Generally when an oral hearing is conducted the parties must be allowed to call
witnesses and cross examine the witnesses called by others. This is confirmed in
Section G16.

Sections G14, G15 and G17 enable the Adjudicator to adjourn the hearing if, in
his discretion, he considers that it is appropriate to do so. In deciding whether to
adjourn the hearing, and if so for how long, the Adjudicator should, as an
overriding objective, have in mind the requirements that the person charged is
fully aware of the allegations and evidence against him and that he has a proper
opportunity to prepare and present his case.

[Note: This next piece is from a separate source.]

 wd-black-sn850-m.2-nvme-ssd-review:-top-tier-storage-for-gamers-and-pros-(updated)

d) The right to legal representation

The Adjudicator has an absolute discretion, confirmed in Section G11, to allow


a person charged to be represented at the hearing by a legally qualified person.
An Adjudicator is entitled in the exercise of his discretion to refuse to allow the
person charged to be legally represented at the hearing if the alleged breach of
the Rules of Conduct is not serious (relative to the various nature of possible
breaches) and where it is unlikely that a severe sanction (relative to the various
sanctions available) will be imposed.

If a person charged seeks and is allowed to have legal representation, the


Adjudicator is entitled to seek his own legal advice. This would be by
exercising the discretion in Section G17.

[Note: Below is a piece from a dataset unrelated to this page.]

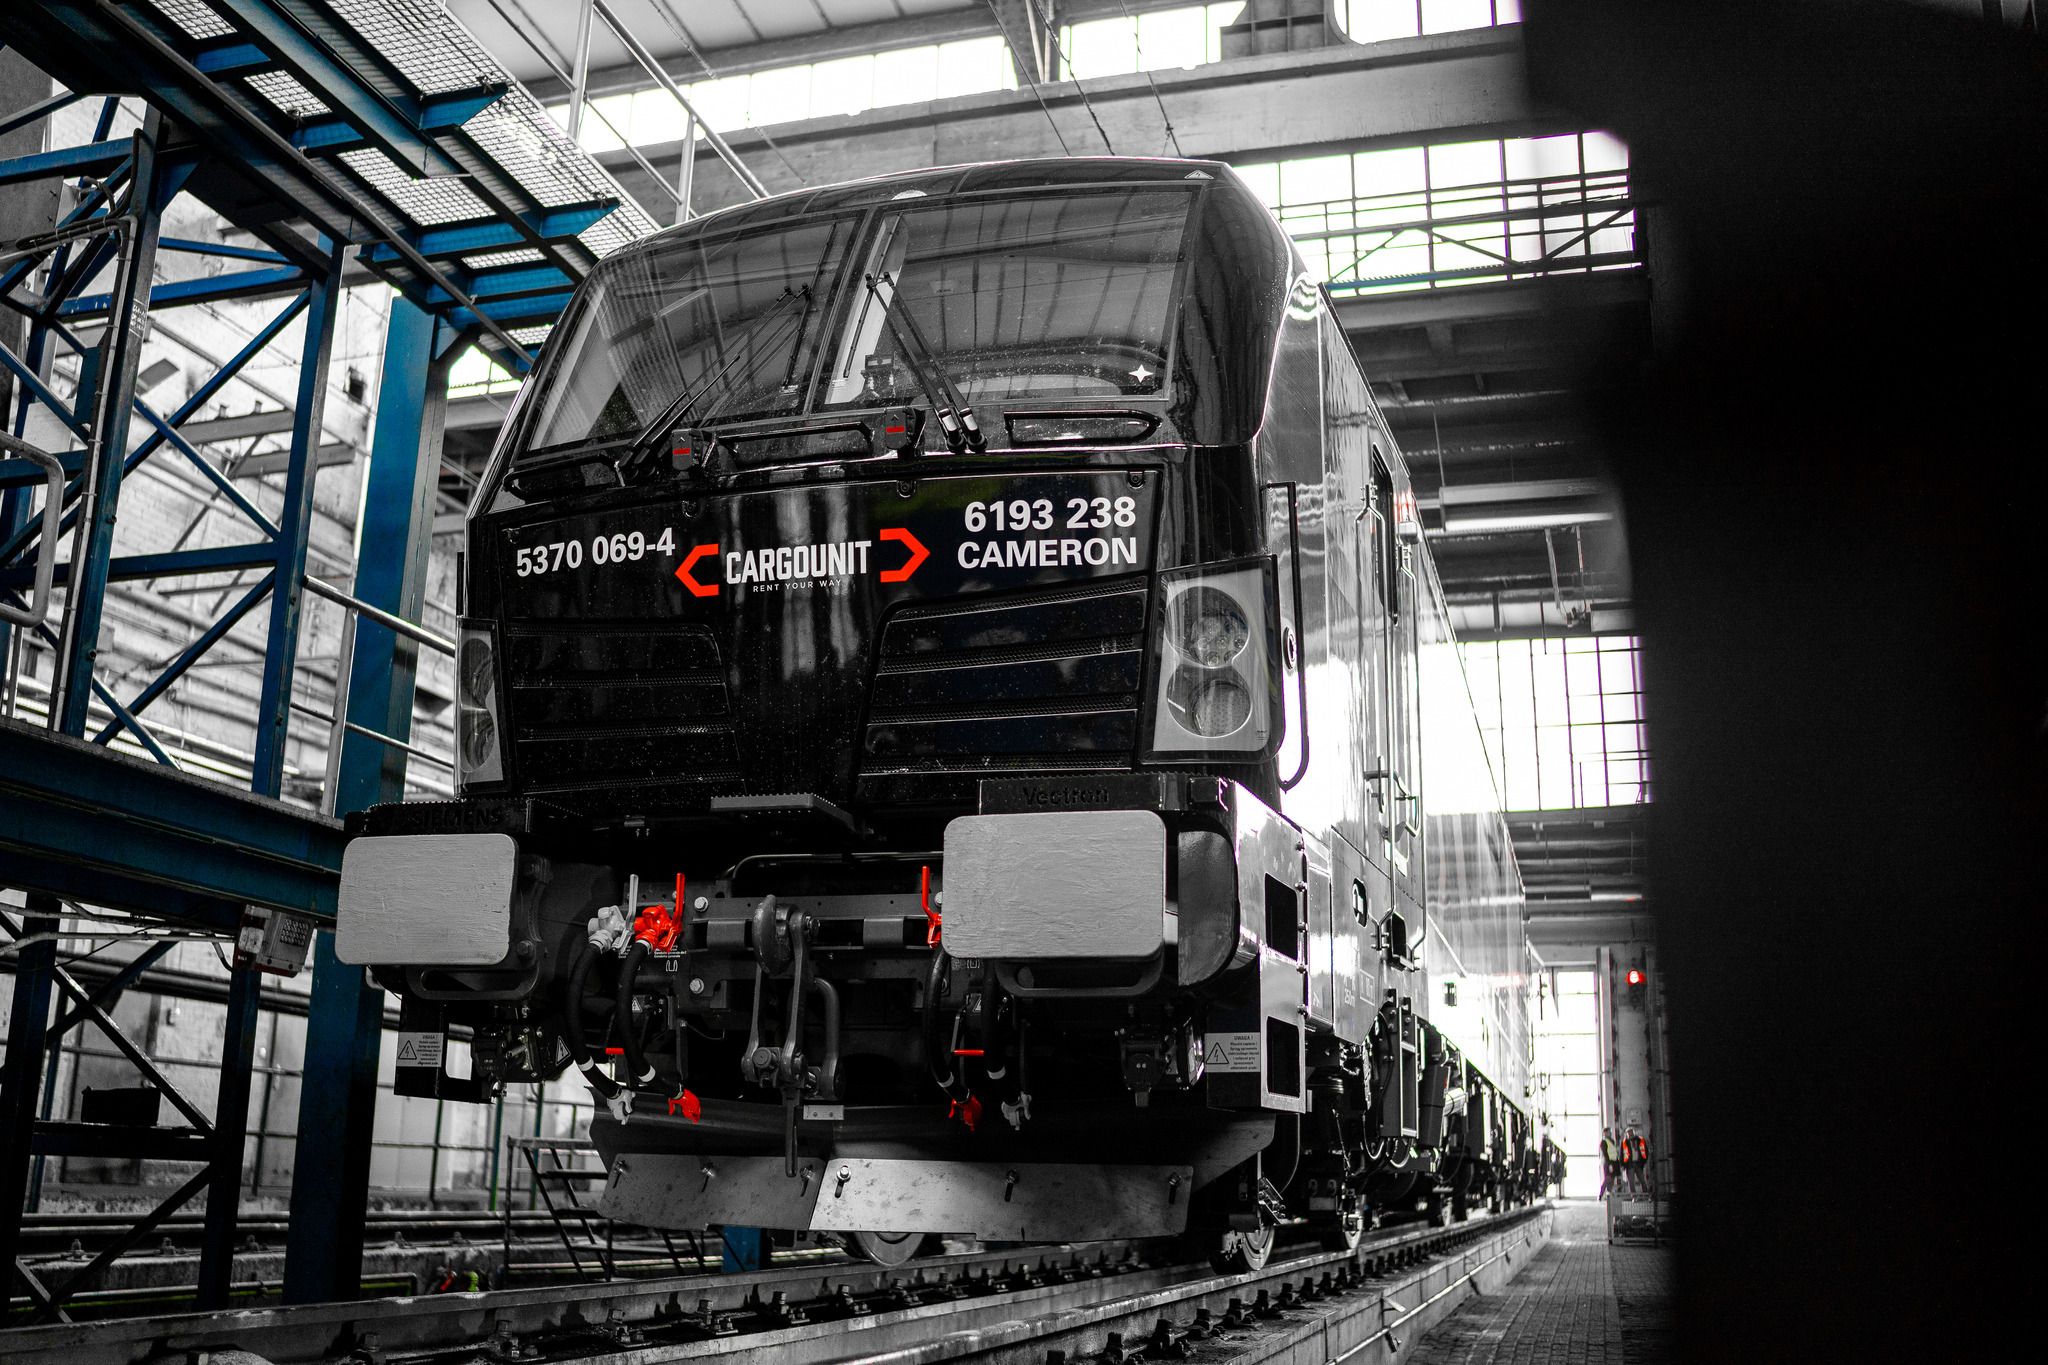 The Siemens Mobility Vectron electric locomotive for Cargounit

If the Adjudicator has obtained legal advice, whether before or during the
hearing, and the person charged asks that his legal representative be permitted
to attend the hearing and make representations on his behalf, the Adjudicator
should not, unless the legal advice he received is not relevant to any matter in
issue at the hearing (especially where the advice taken relates to a purely
procedural matter), refuse the request.

e) The decision and the reasons for it

The details of how and when the decision should be given are provided for in
Section H. In particular the Adjudicator should note that there is a requirement
in Section H 3 that the Adjudicator give reasons for both his decision and the
sanction he is imposing and that section H 2 requires that the decision be given
as soon as possible but, in any event, no later than 24 hours after the hearing
finishes.

THE RULE AGAINST BIAS

The two main aspects of this rule are that a person adjudicating on a dispute
must have no pecuniary or proprietary interest in the outcome of the
proceedings and must not reasonably be suspected, or show a real likelihood, of
bias.
The Adjudicator must be able to show that he has conducted a full enquiry into
the circumstances involved before making his decision as to whether a breach of
the Rules of Conduct has occurred and, if so, what sanction should be imposed.
There should be no suggestion in his conduct of the hearing that prior to its
commencement he has irrevocably decided the outcome.

CONCLUSION

However, it has to be accepted that law is dynamic and living field and by
merely cling on to the procedures or strict observance of the rules do not
produce a fair and satisfactory outcome. The imaginative application of mind
and the appropriate interpretation of the various rules, provisions of the laws is a
significant area and the judges have an important to play in this regard.
The truth is that justice is a very elaborate conception, the growth of many
centuries of civilization; and even now the conception differs widely in
countries usually described as civilized”.